Because it’s C as F to basically ask your DIL to fund you a free holiday every year. If it costs her income, then it’s the same as if she was being asked to pay for them to book a holiday.

sittingonabeach · 10/07/2026 14:00

Aluna · 10/07/2026 13:45

Ok. Question: would you hand your ILs £8,000?

Wouldn’t that depend on your disposable income? If you had a million pounds disposable income a year then £8k wouldn’t touch the sides and if £8k made a real difference to them then why not. If your disposable income was £16k then maybe not.

Doesn’t sound as if OP has to scrimp and save. Has been gifted wealth generating assets and sounds like her in-laws are in a different wealth bracket. All bills paid for by DH so she can spend all the money she earns on luxuries, if a weeks holiday peak season make a big difference to in-laws and doesn’t really impact OP, why not. She lets her parents have a free week and, unless her parents have given OP all their assets, I assume they could pay for any holiday they wanted, so a free week makes very little difference to them

dancingdeidre · 10/07/2026 14:00

I think they should take no for an answer. They don't have a right to use the villa for free! Neither do your parents and no doubt you would refuse them too if it didn't work for you financially.
However, they are clearly upset by the fact that you give your parents something you won't give them, and perhaps there are other ways to assure them that they matter, without losing money that you want to keep.

Aluna · 10/07/2026 14:03

Newyearawaits · 10/07/2026 13:46

100pc this.
I am sooooo glad that I don't have OP's mindset. And I am so grateful for the home I live in that is available for friends and family to come and stay.
Wouldn't cross my mind to ask for payment.

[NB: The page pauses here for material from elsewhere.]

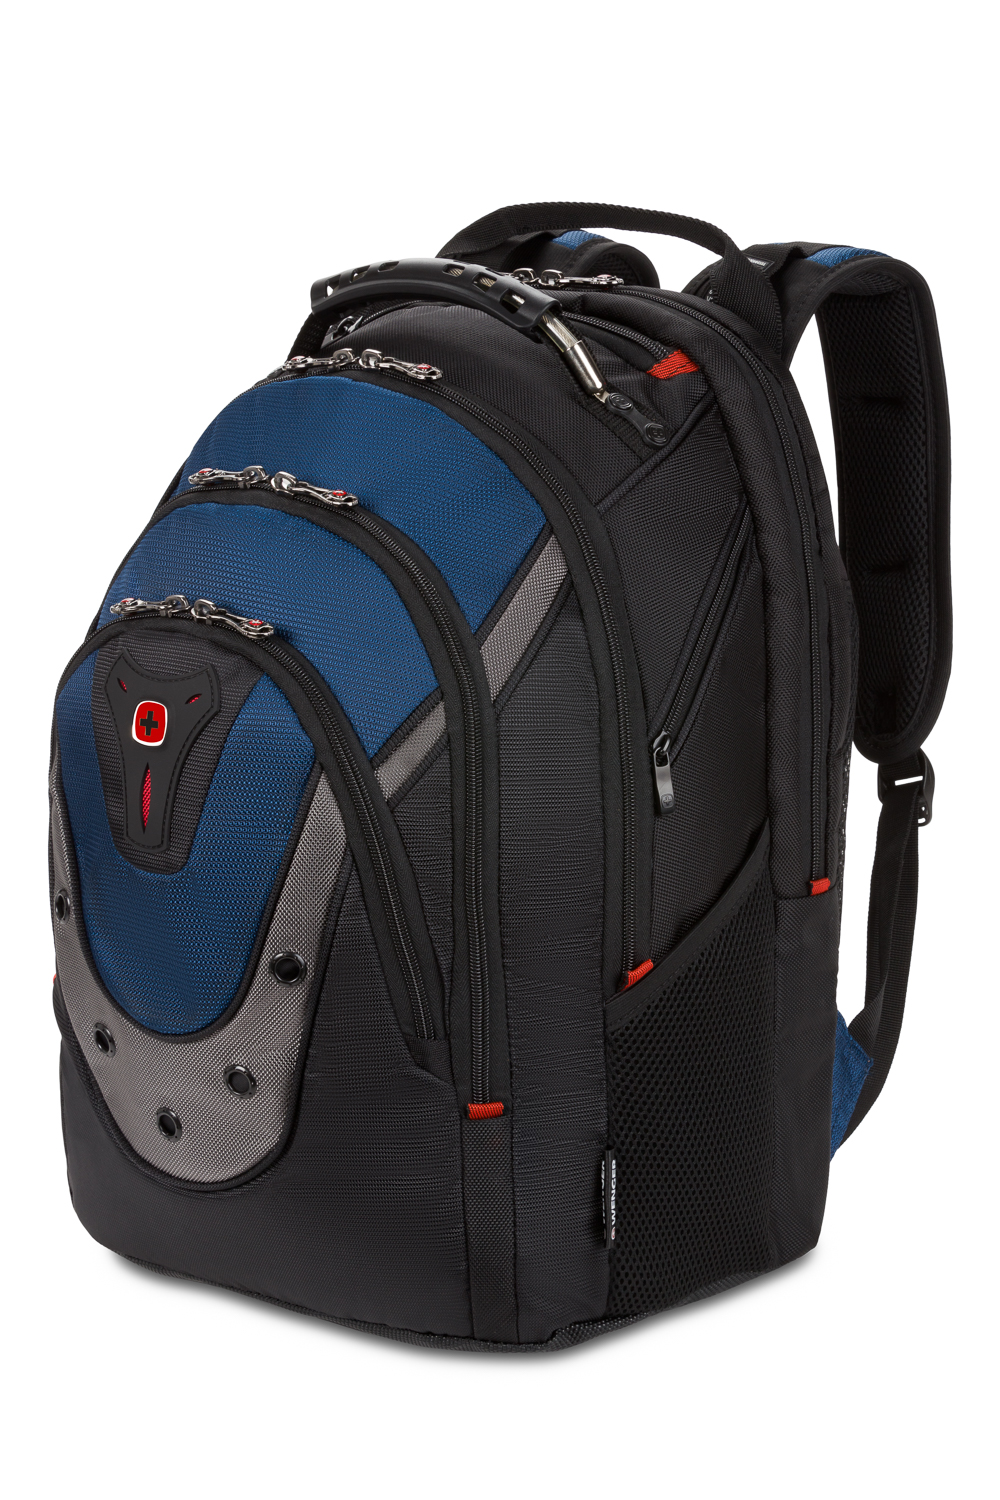 NEW Wenger Swissgear 17.1 inch Laptop Backpack/Notebook Bag/Rucksack Backpack 
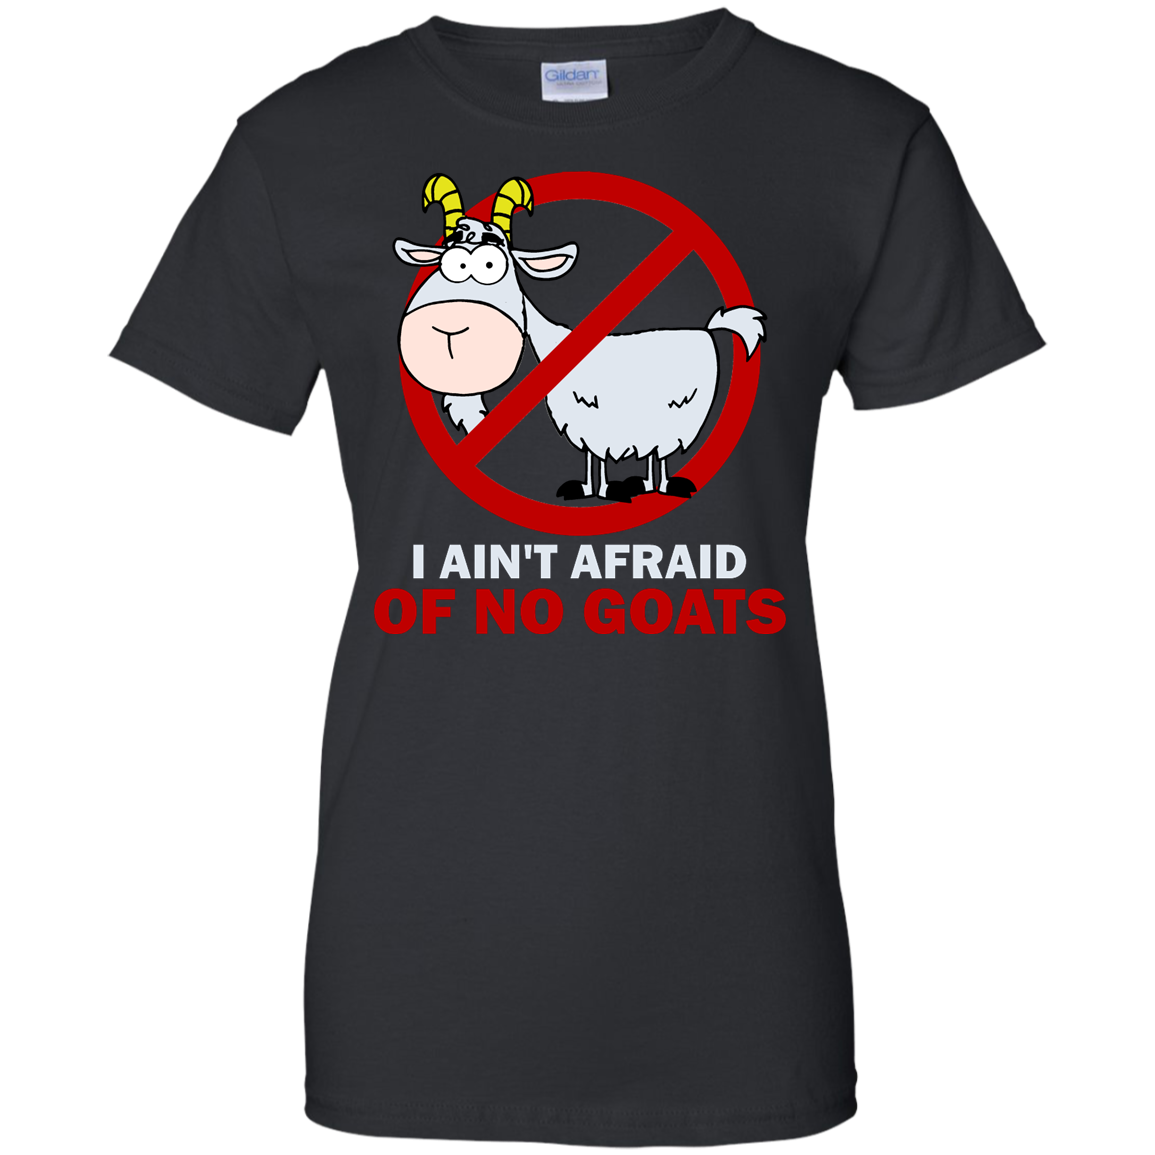 I Ain't Afraid of No Goats Shirt, Hoodie, Tank - ifrogtees

Where did 1k come from? OP said a few thousand.

Where can you read a beachside villa in the med for 1k?

Yetone · 10/07/2026 14:04

Gloriia · 10/07/2026 12:35

It's still cheap for an alleged high end accommodation in an alleged highly desirable European location in high season.

Anyway hope op's come to her senses and is in touch with them as we speak saying of course you can have it for a few days. I'm sure her outfits and lunches won't take too much of a hit.

Or she might buy the lunches and outfits she wants anyway and any subsidy that the ILs are asking from takes from what her children and grandchildren are given in the long term.